Abstract

Background: Robots aid motor rehabilitation, but there has been limited attention to recovery of finger movements. This study evaluated robotic assistance during finger movement training. Functional MRI (fMRI) was acquired at baseline to understand predictors of treatment gains. Methods: Patients with chronic stroke underwent a baseline fMRI scan, alternating rest with affected-side finger movements similar to those made during robotic therapy. Next, subjects received therapy 3 hr/wk for 3 weeks using FINGER (Finger Individuating Grasp Exercise Robot), with which subjects moved their paretic index and middle fingers to play a musical game similar to GuitarHero. FINGER used an assistance-as-needed algorithm to facilitate completion of grasping movements, which increased sensory feedback without altering voluntary motor output. Participants were randomized to receive High Assistance (to insure 85% success) or Low Assistance (55% success).
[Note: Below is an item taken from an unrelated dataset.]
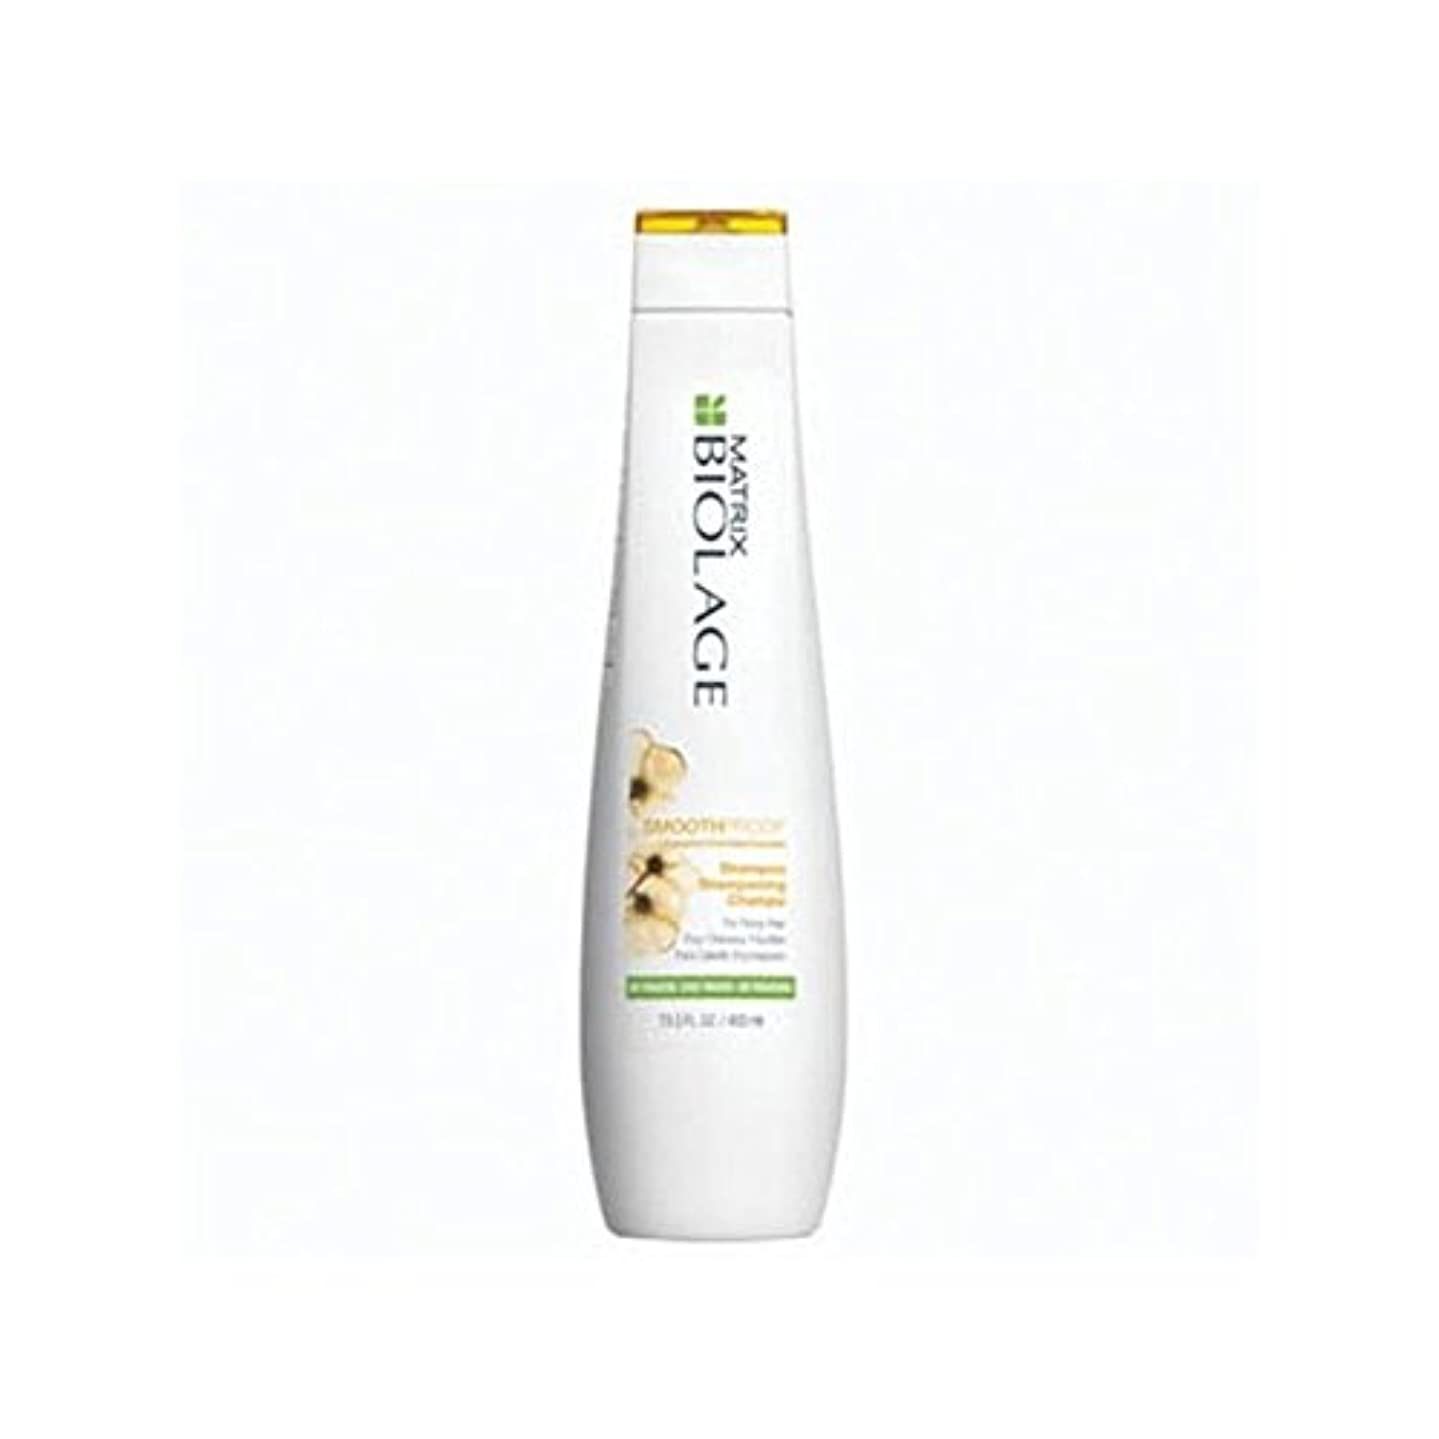 個人誰のラインMatrix Biolage Smoothproof Shampoo (400ml) - マトリックスバイオレイジのシャンプー(400ミリリットル) [並行輸入品]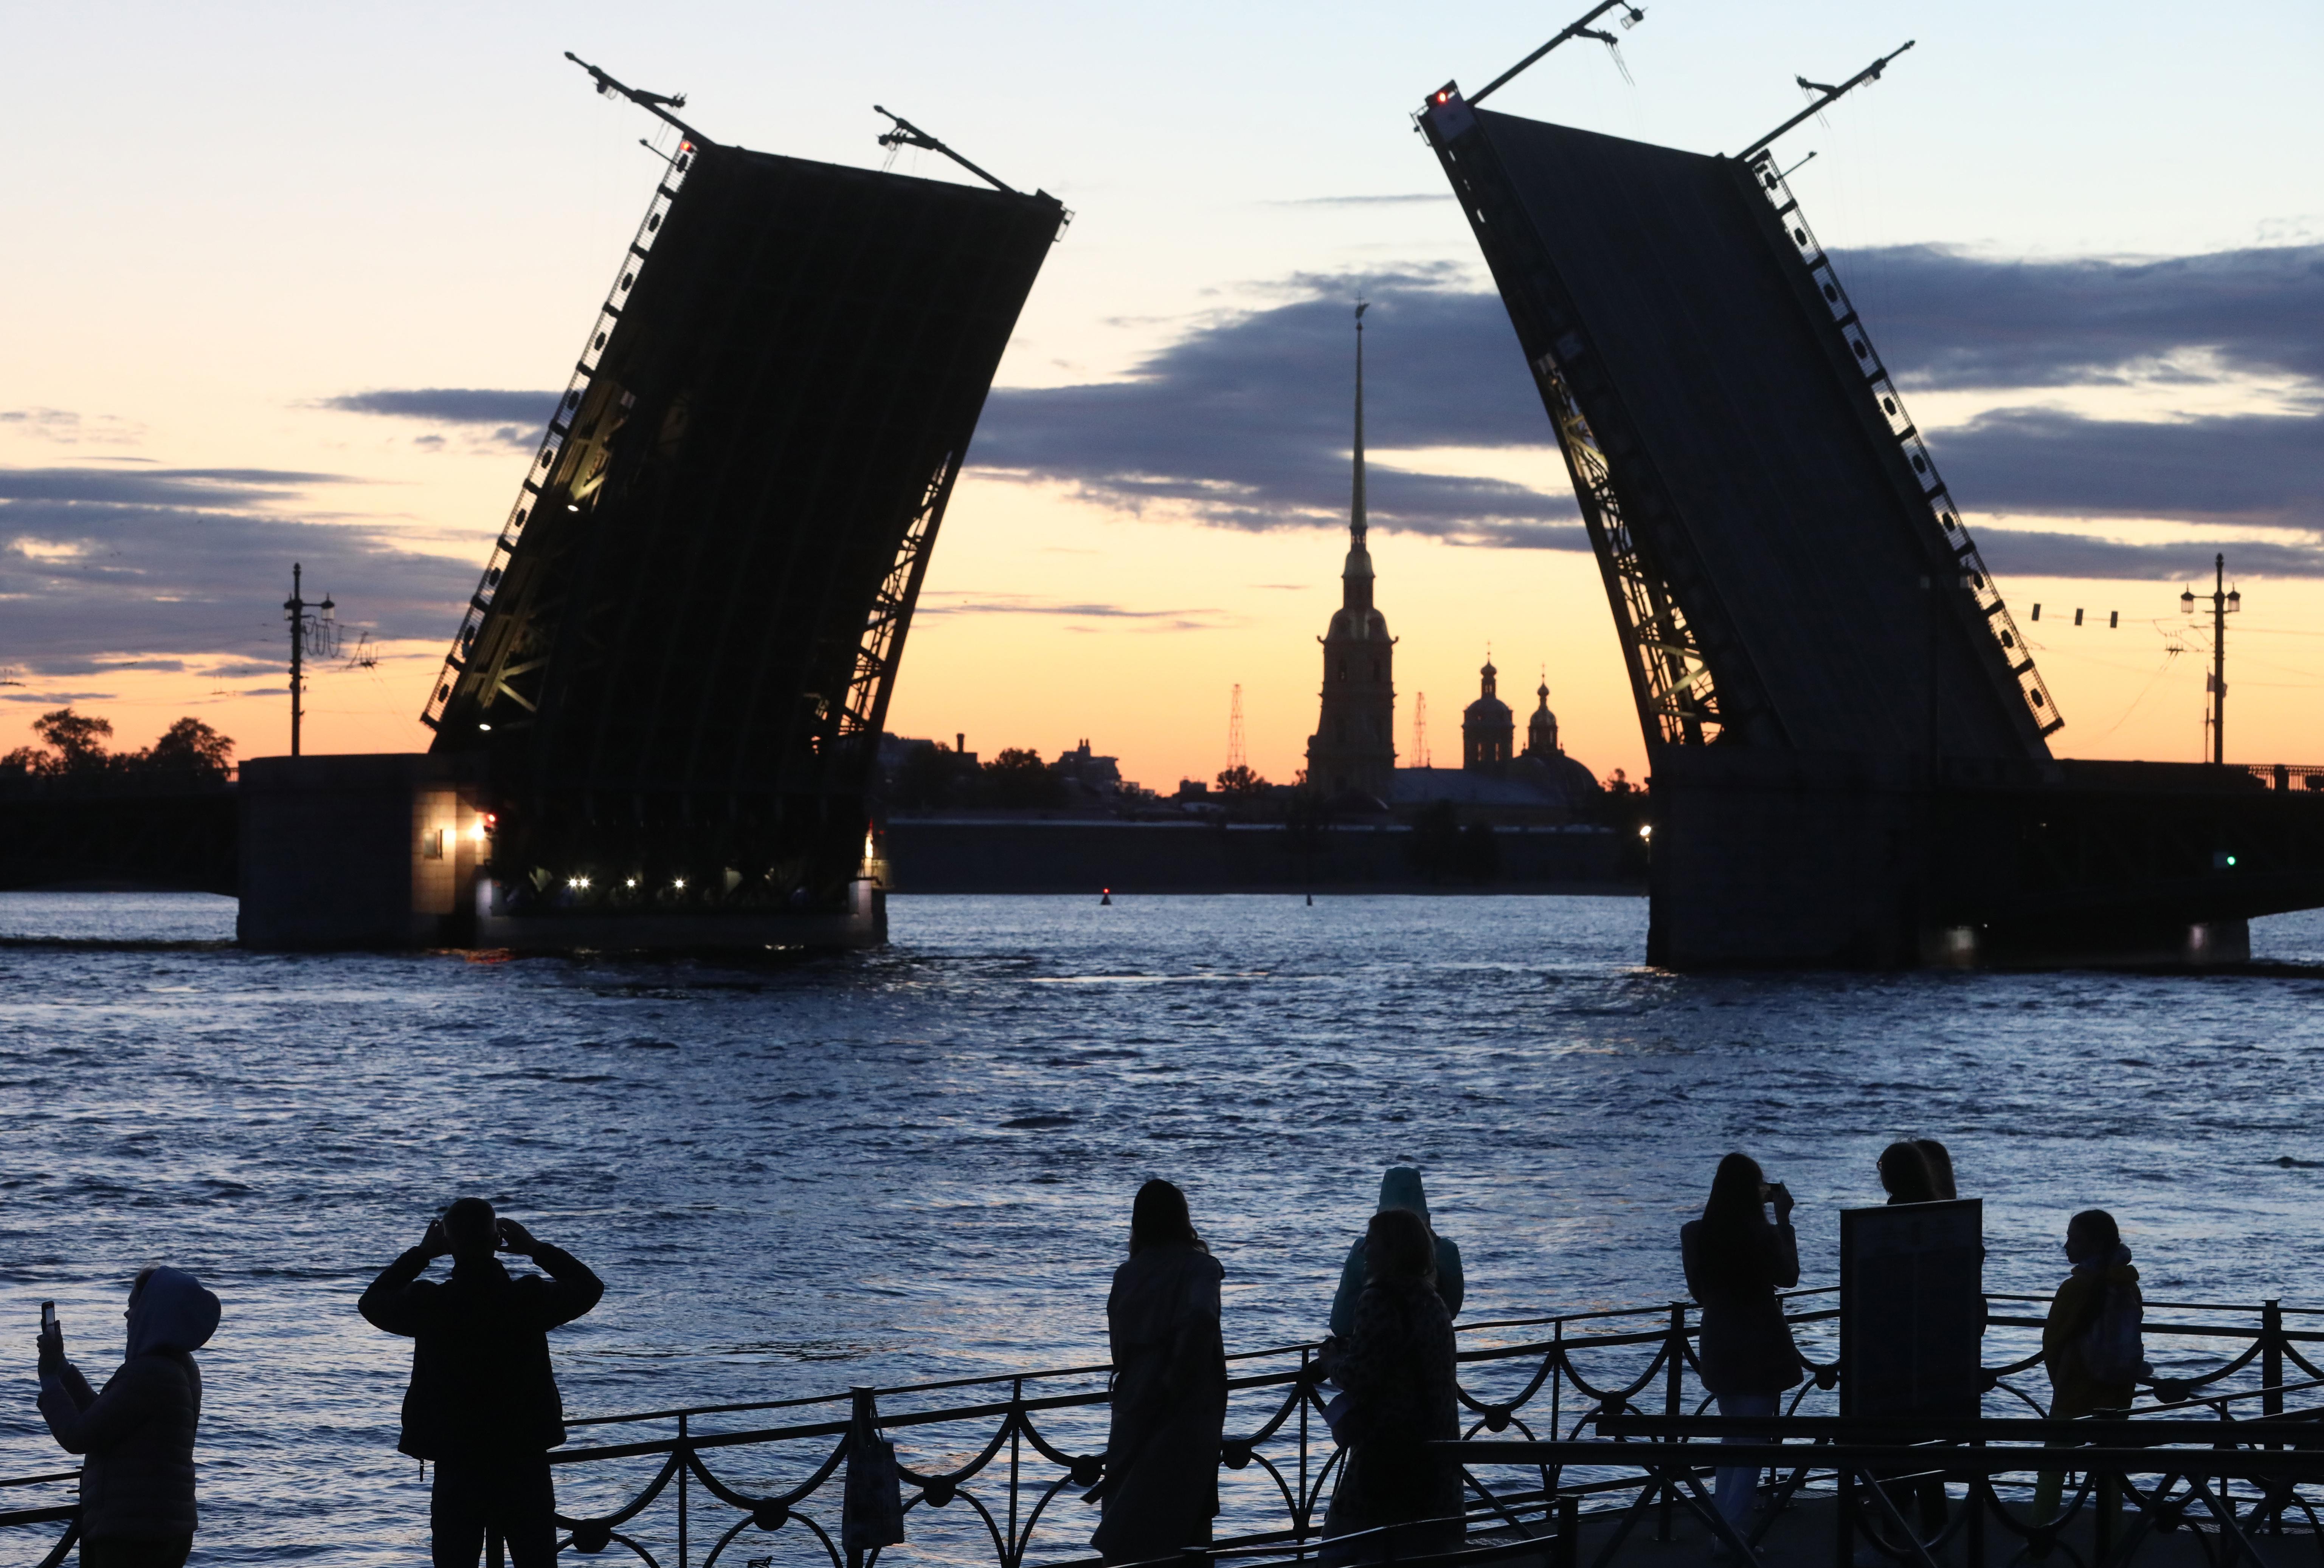 В День космонавтики на Дворцовом мосту в Петербурге появится лазерный портрет Гагарина

Results: 30 subjects (mean age 58 yr; baseline Fugl-Meyer 46 out of 66; 37 mo post-stroke) completed the study. Significant gains were found in the primary outcome measure, change in Box & Blocks (B&B) score (23 to 25.5, p<0.0001). There was no difference between High and Low Assistance groups in the primary endpoint (p=0.65), though some secondary outcomes favored High Assistance. The fMRI scans found that greater treatment gains were associated with higher laterality index in primary sensory cortex, indicating greater boost in B&B score over time with higher pretreatment balance of activation towards ipsilesional rather than contralesional sensory cortex; laterality index in primary motor cortex lacked predictive value. Conclusions: Significant motor gains were found with a robotic device that targets finger movements. Sensory factors appear key: treatment content emphasized augmented sensory feedback, and the hemispheric balance of fMRI activation within sensory but not motor cortex predicted treatment gains. Together these findings suggest Hebbian rules of sensorimotor cortex plasticity during finger robotic therapy after stroke.